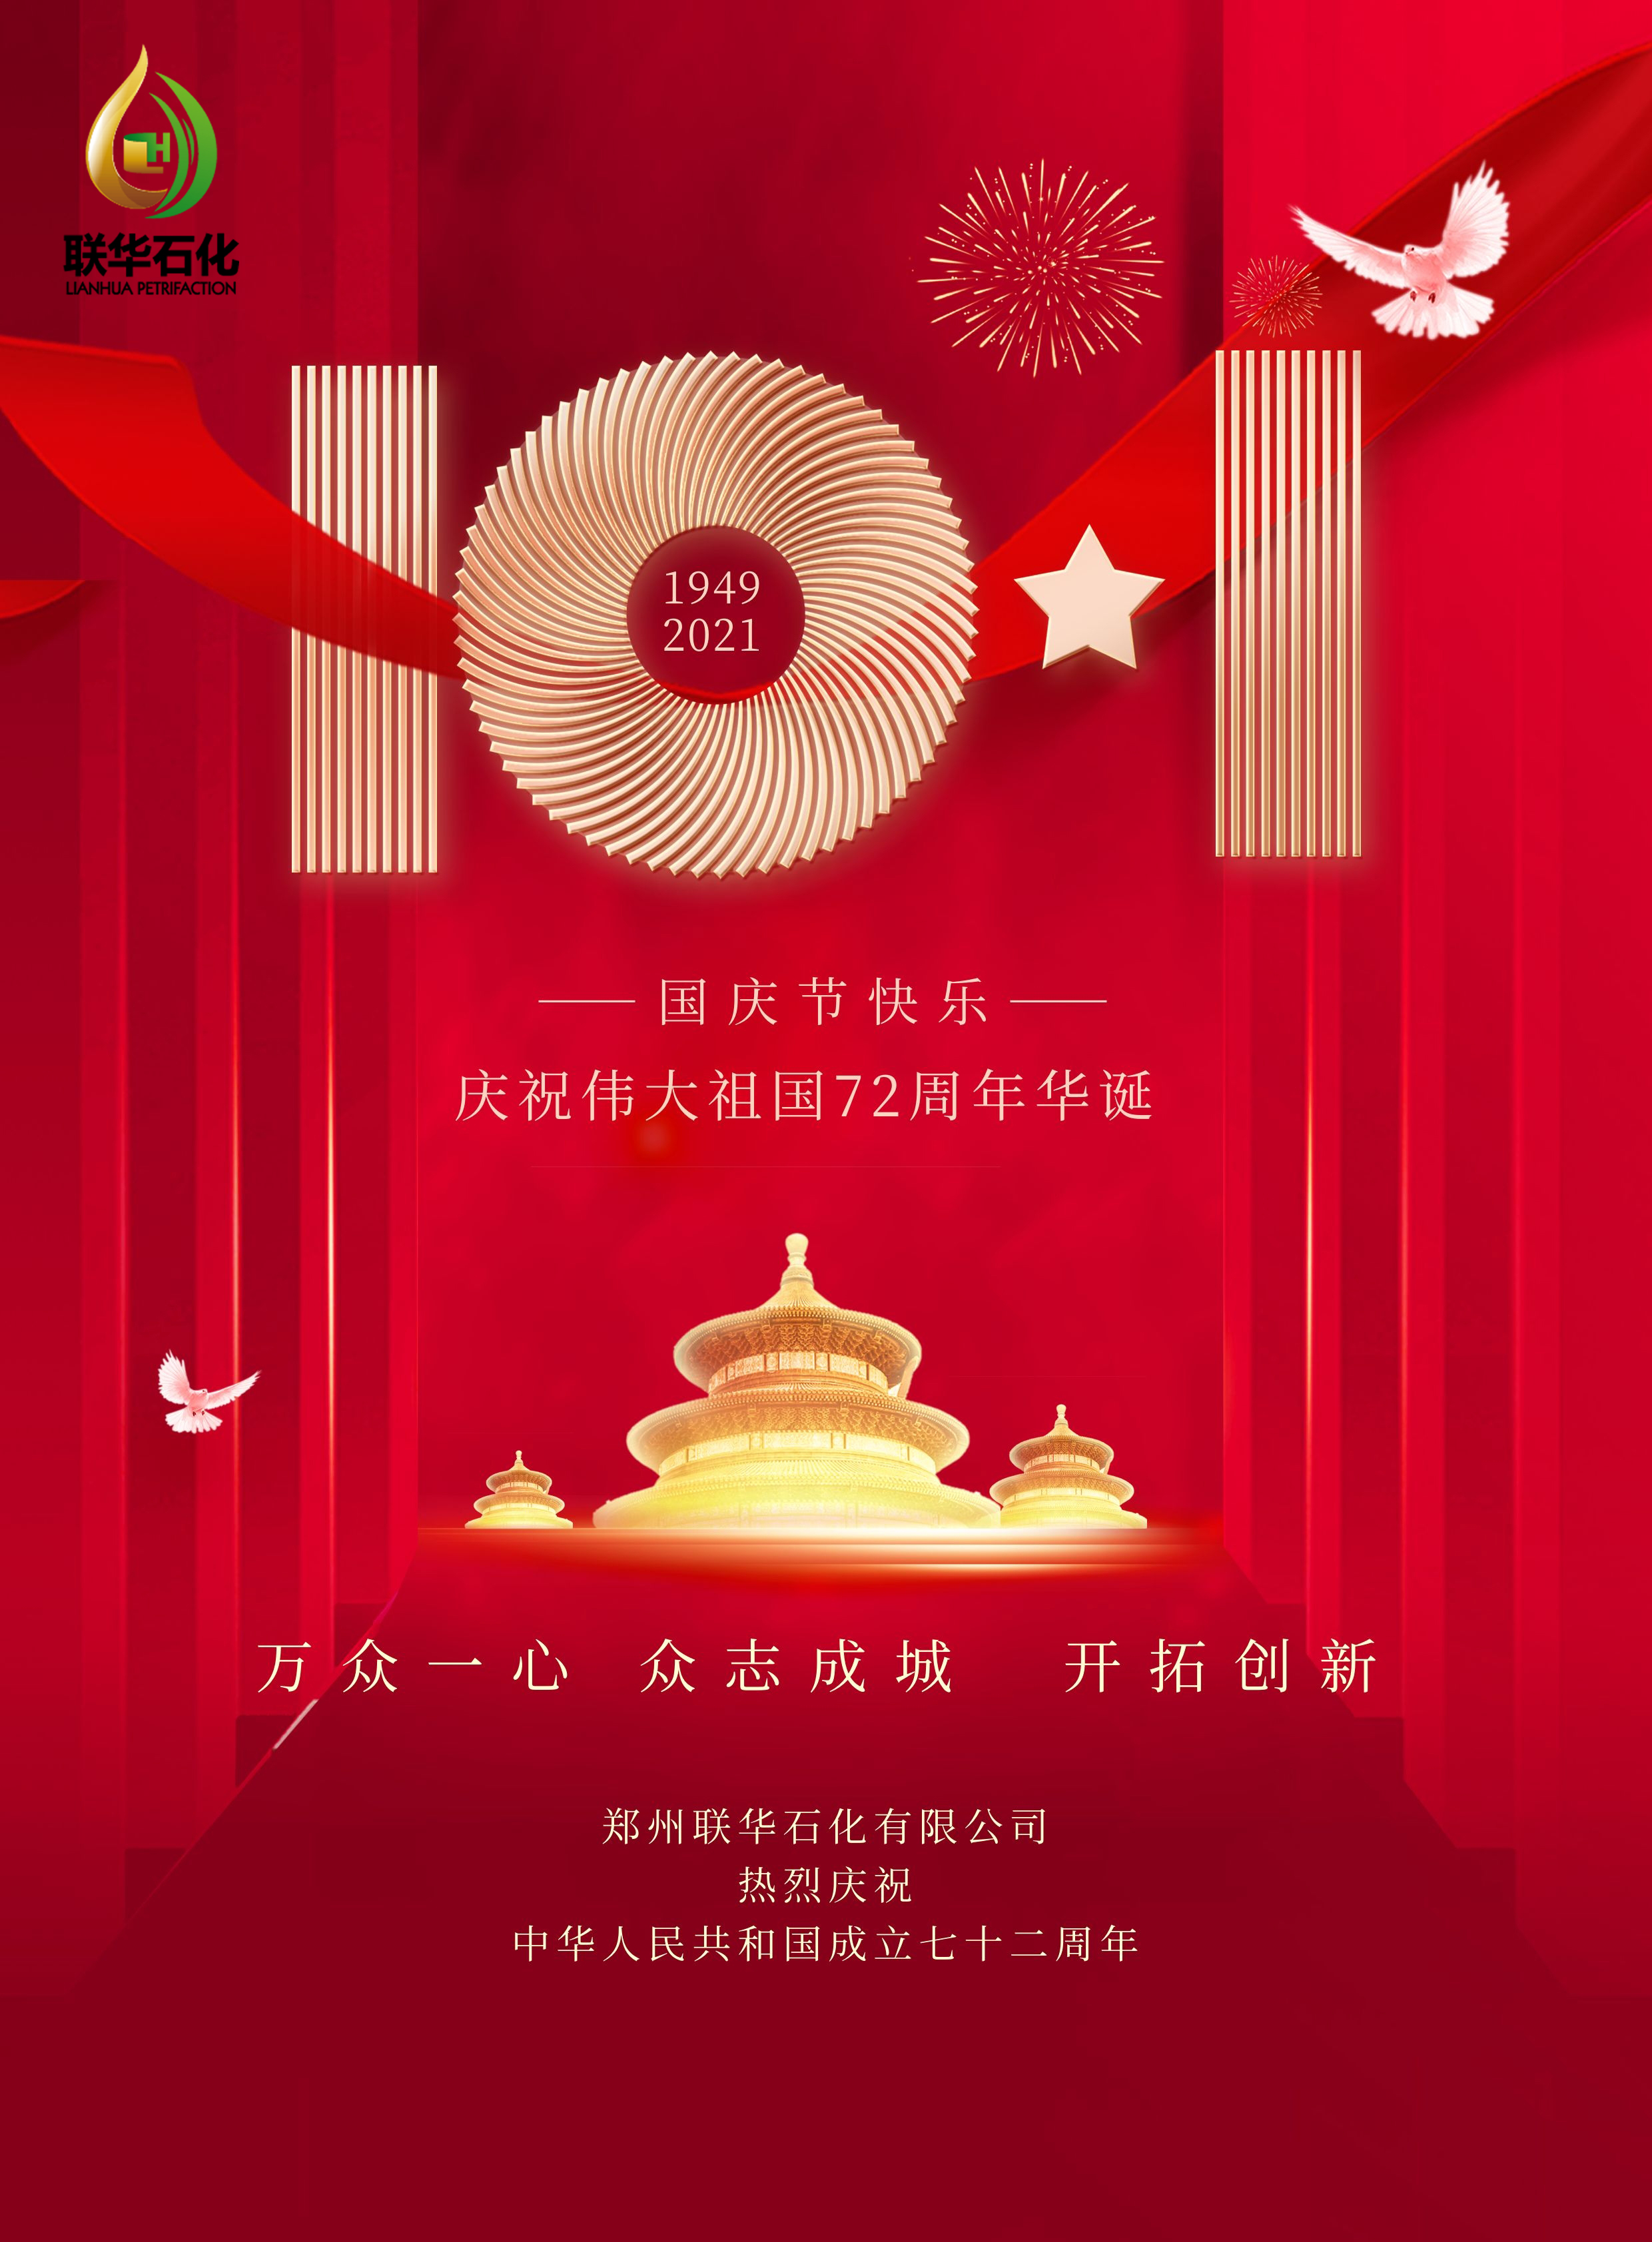 峥嵘岁月，砥砺前行 ---庆祝歌颂中华人民共和国成立72周年(图2)
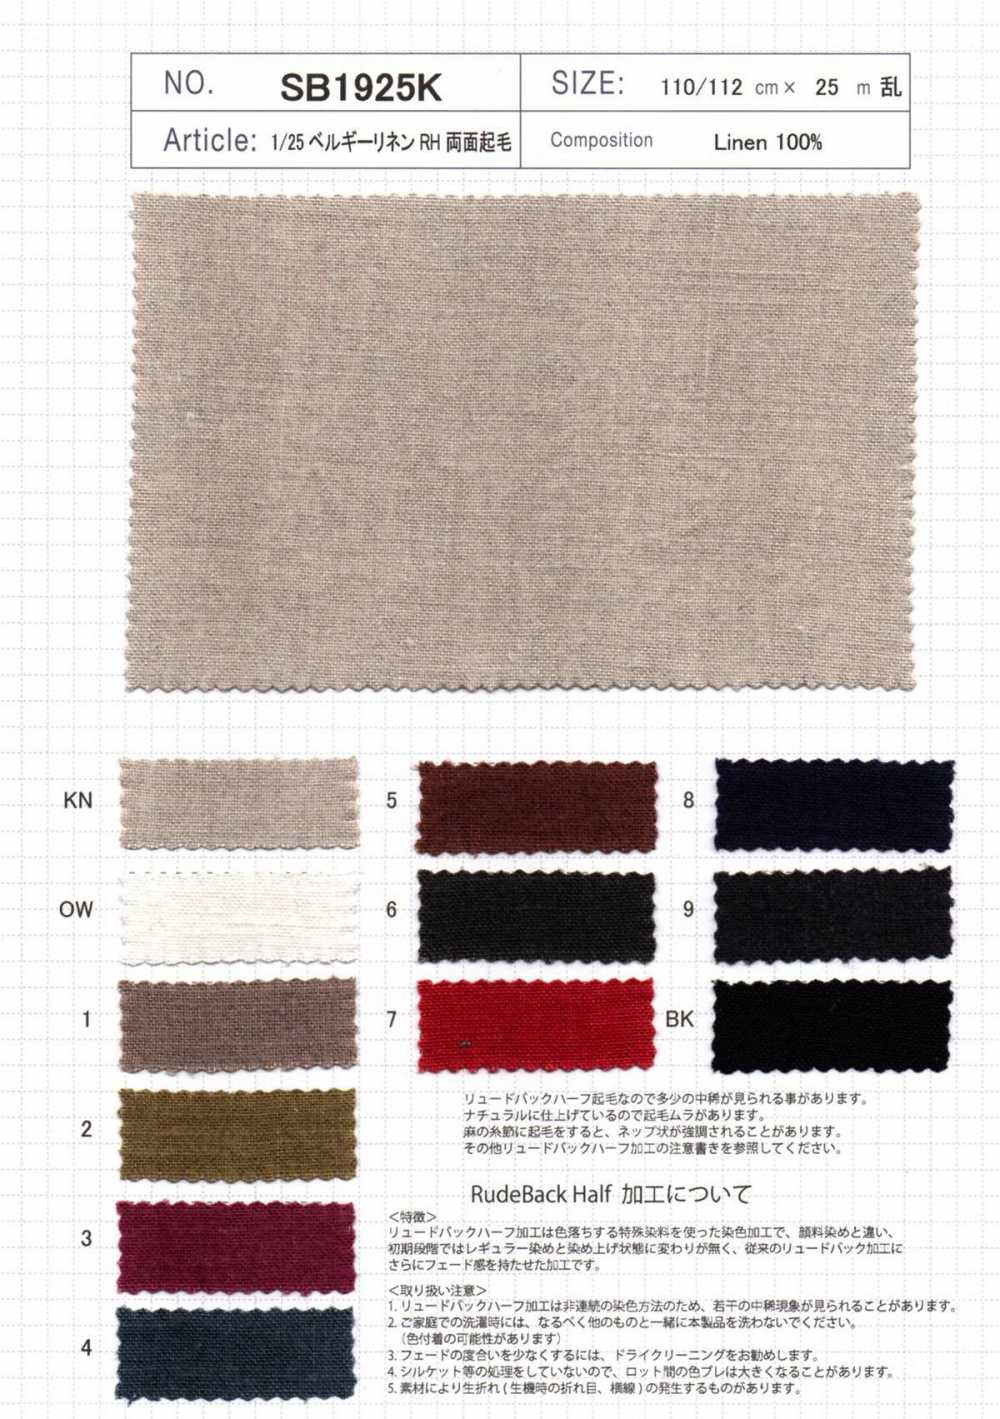 SB1925K Nombre Del Producto 1/25 Lino Belga RH Fuzzy En Ambos Lados[Fabrica Textil] SHIBAYA
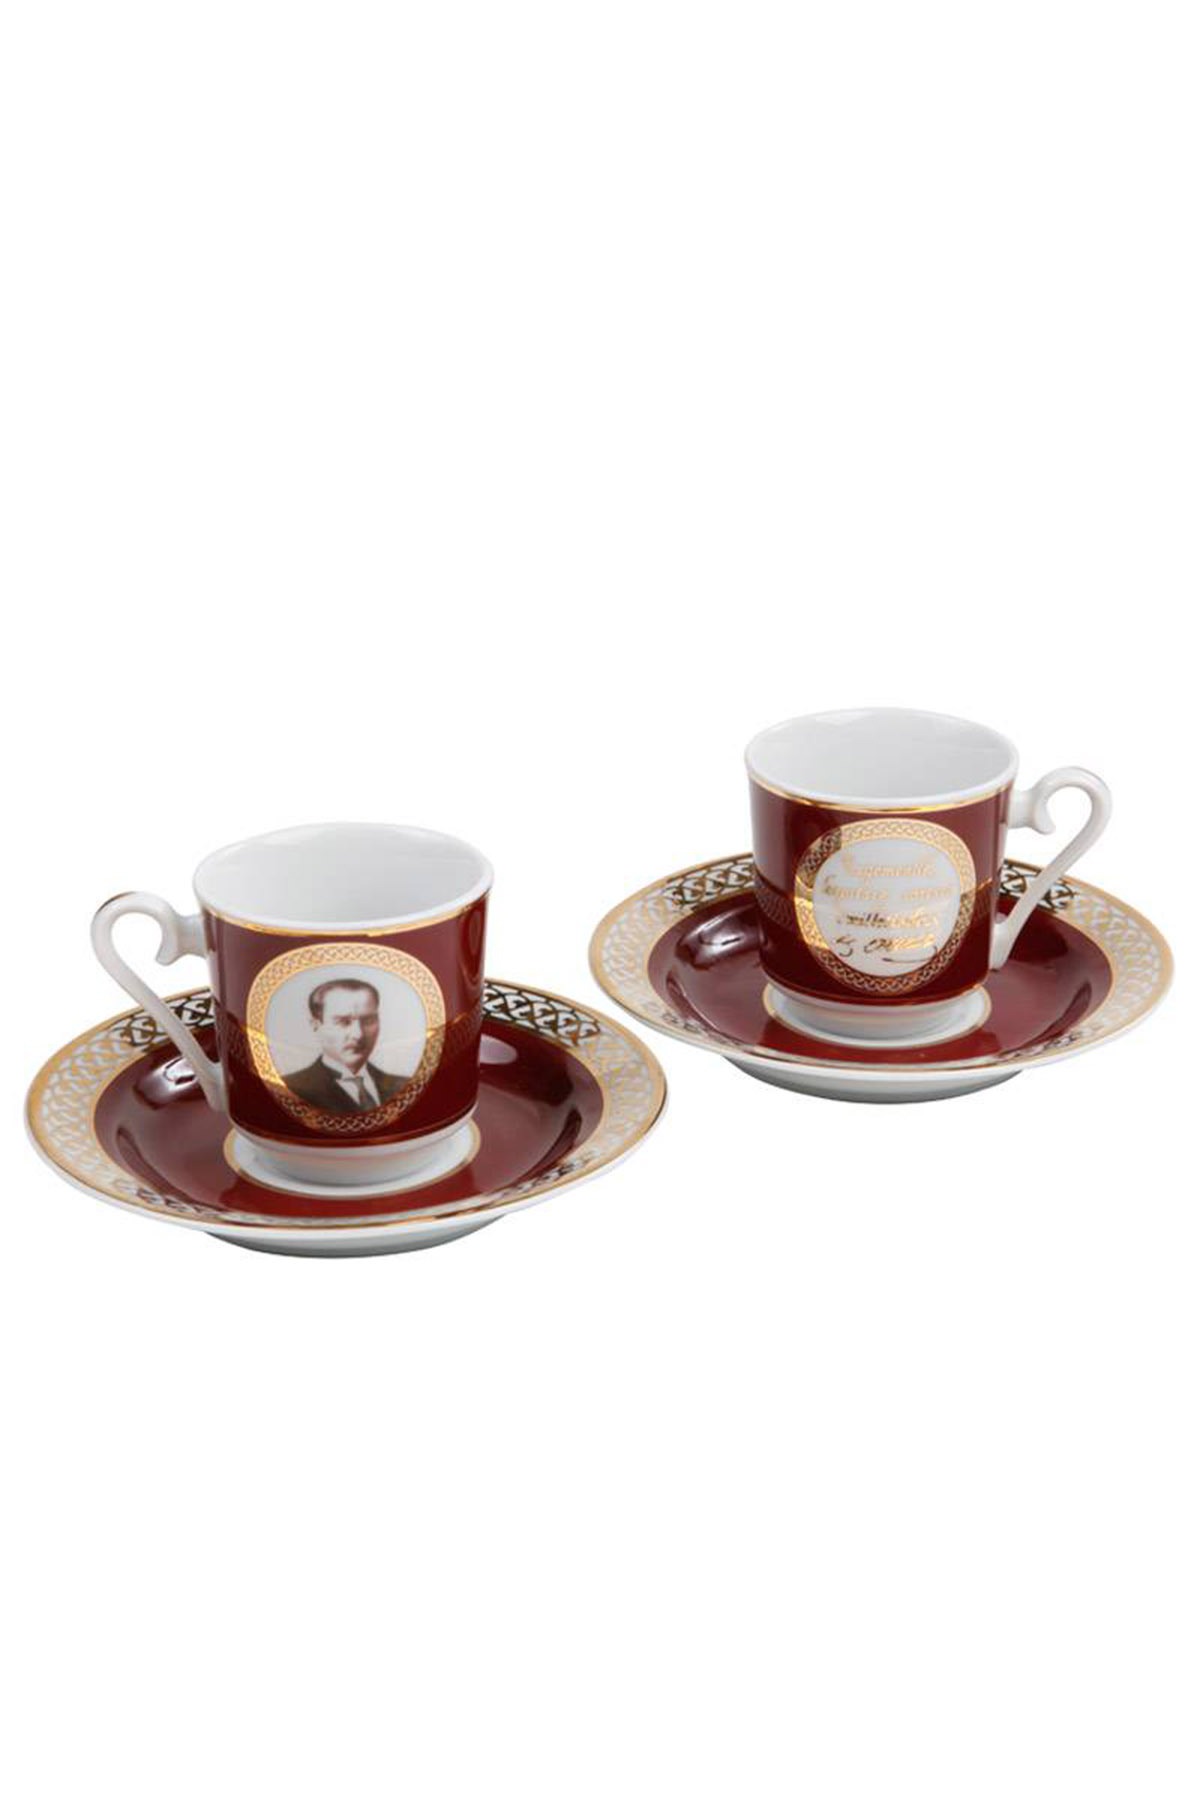 Kütahya Porselen Atatürk Bordo Kahve Fincan Takımı

++++++++

- **Brief**
When you transcribe the lines above, keep every word exact but leave the pictures behind.

- **Response to this task**
 峥嵘岁月，砥砺前行 ---庆祝歌颂中华人民共和国成立72周年(图2)
 SB1925K Nombre Del Producto 1/25 Lino Belga RH Fuzzy En Ambos Lados[Fabrica Textil] SHIBAYA
 Kütahya Porselen Atatürk Bordo Kahve Fincan Takımı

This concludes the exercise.